EXERCISE PROMPT: Repeat the listing word for word. Leave every picture out.
======== DATA PROVIDED ========
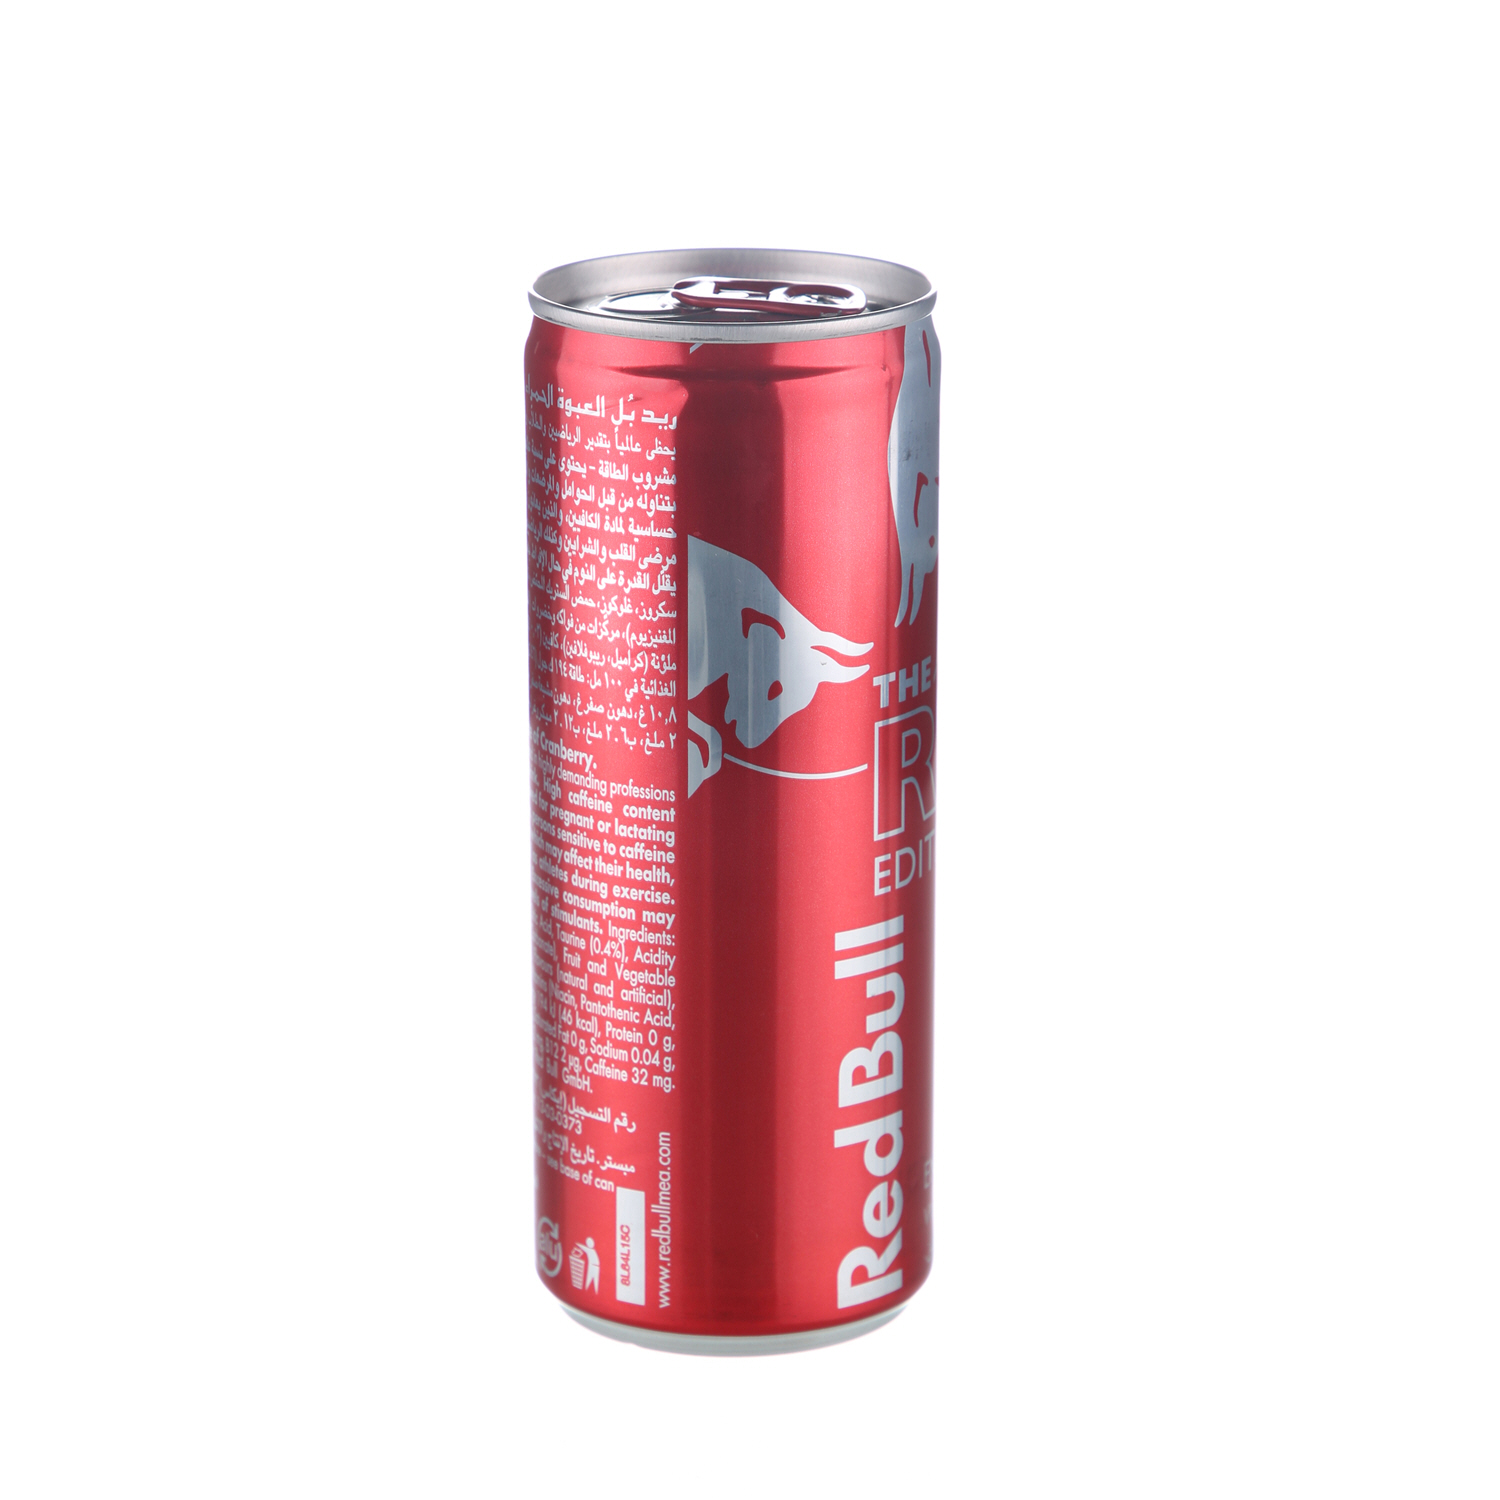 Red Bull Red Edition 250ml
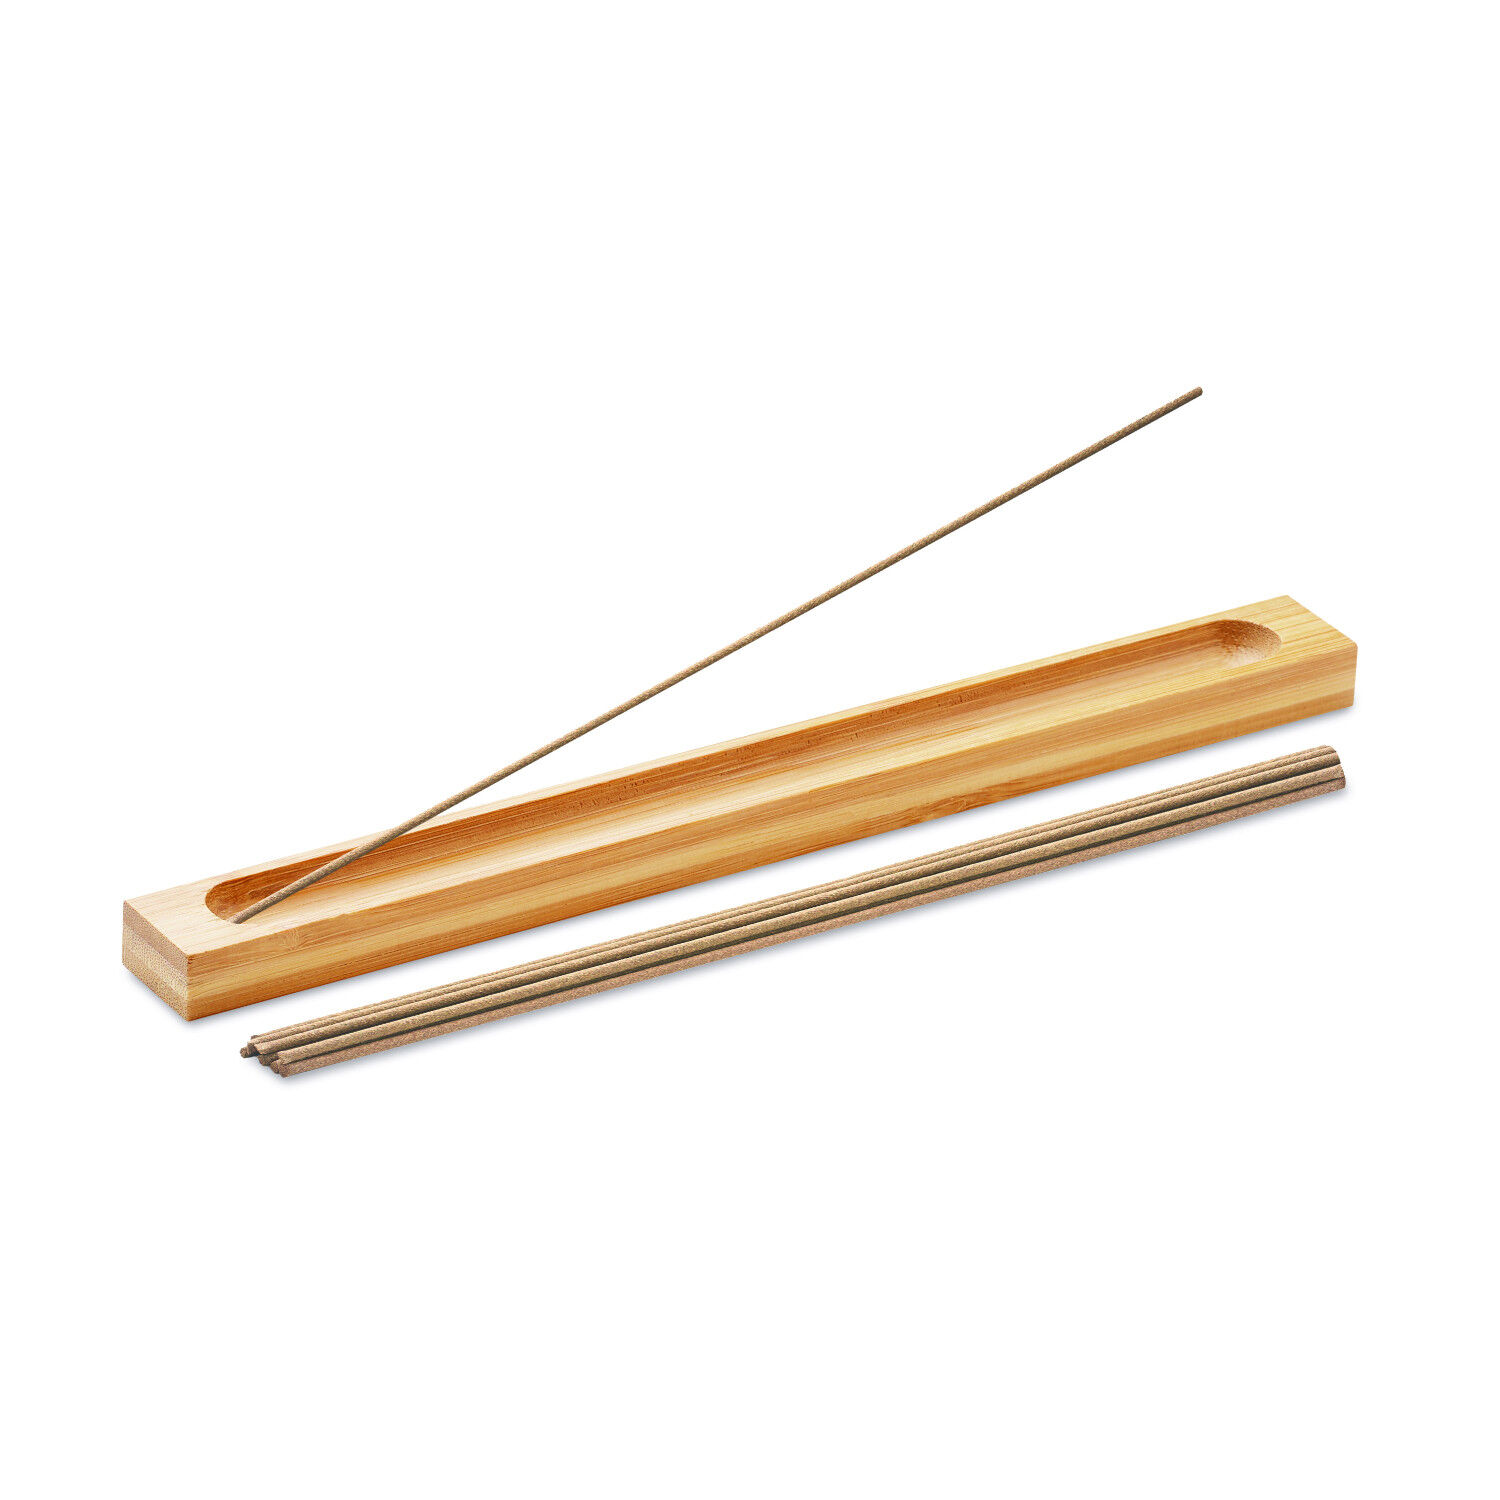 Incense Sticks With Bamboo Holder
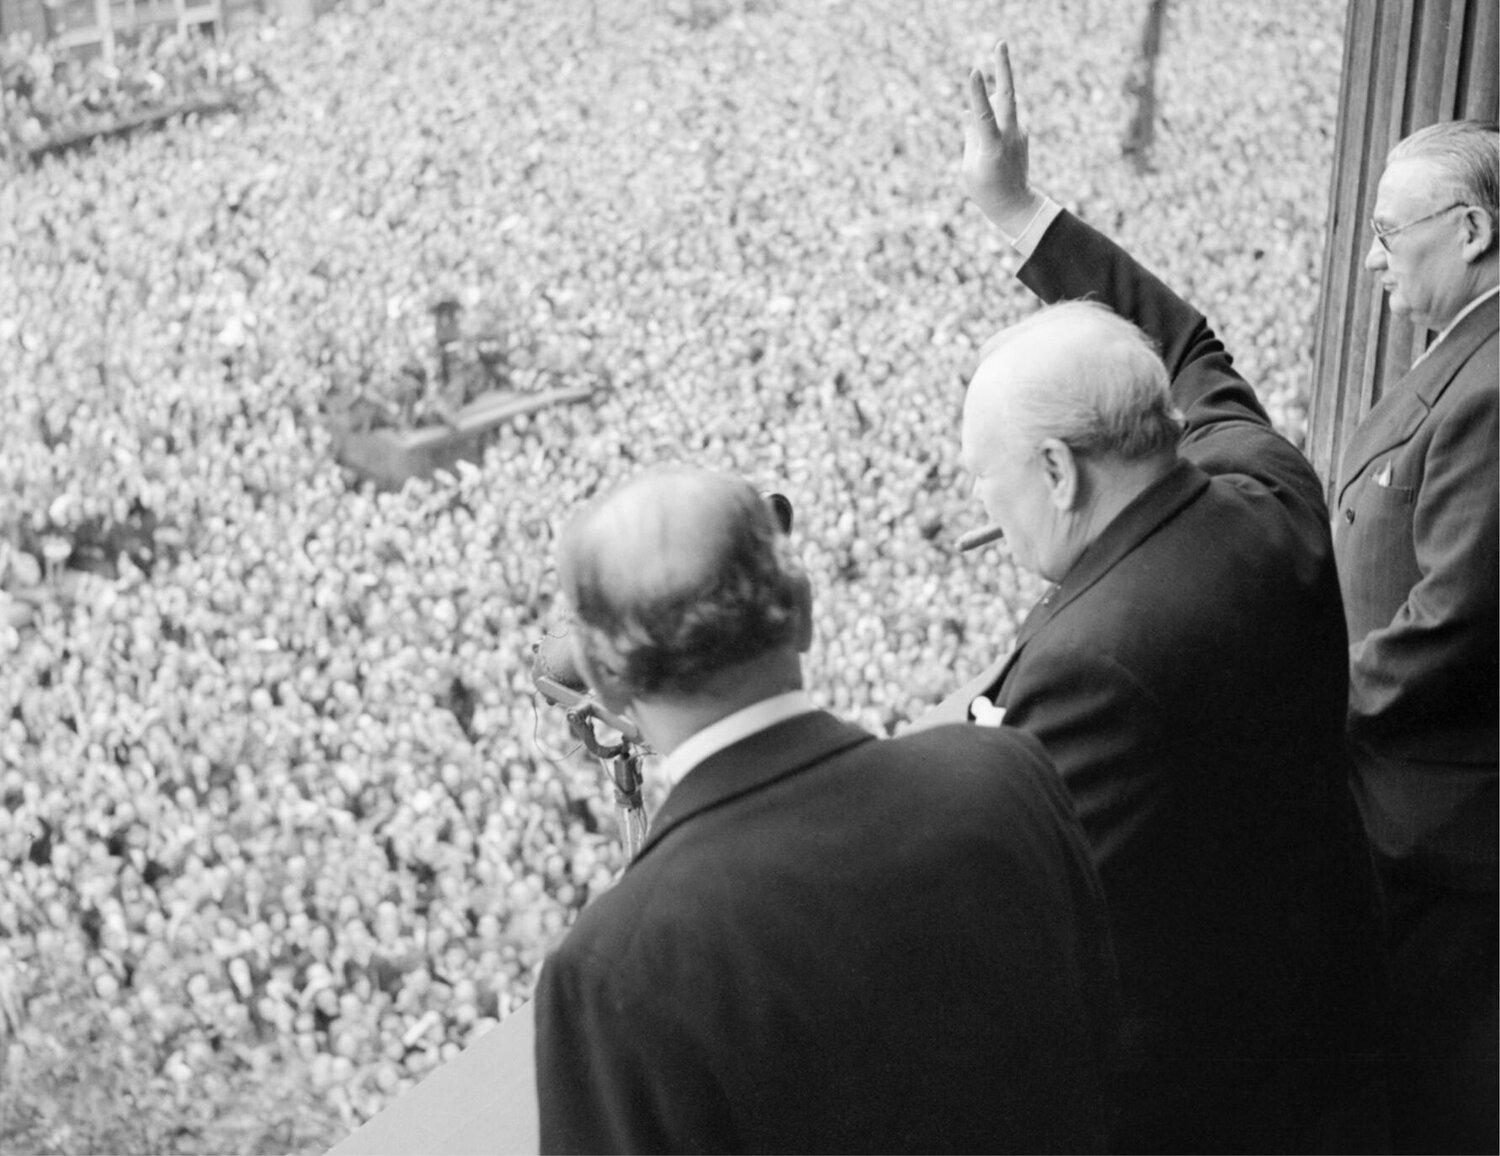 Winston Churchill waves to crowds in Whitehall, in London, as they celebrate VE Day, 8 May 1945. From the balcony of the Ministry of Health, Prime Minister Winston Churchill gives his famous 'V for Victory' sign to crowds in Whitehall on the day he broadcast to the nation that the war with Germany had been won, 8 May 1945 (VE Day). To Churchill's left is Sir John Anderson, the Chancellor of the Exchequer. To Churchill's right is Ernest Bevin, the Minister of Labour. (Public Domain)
========
WRITTEN REPLY:
 Red Bull Red Edition 250ml
 Incense Sticks With Bamboo Holder
 Winston Churchill waves to crowds in Whitehall, in London, as they celebrate VE Day, 8 May 1945. From the balcony of the Ministry of Health, Prime Minister Winston Churchill gives his famous 'V for Victory' sign to crowds in Whitehall on the day he broadcast to the nation that the war with Germany had been won, 8 May 1945 (VE Day). To Churchill's left is Sir John Anderson, the Chancellor of the Exchequer. To Churchill's right is Ernest Bevin, the Minister of Labour. (Public Domain)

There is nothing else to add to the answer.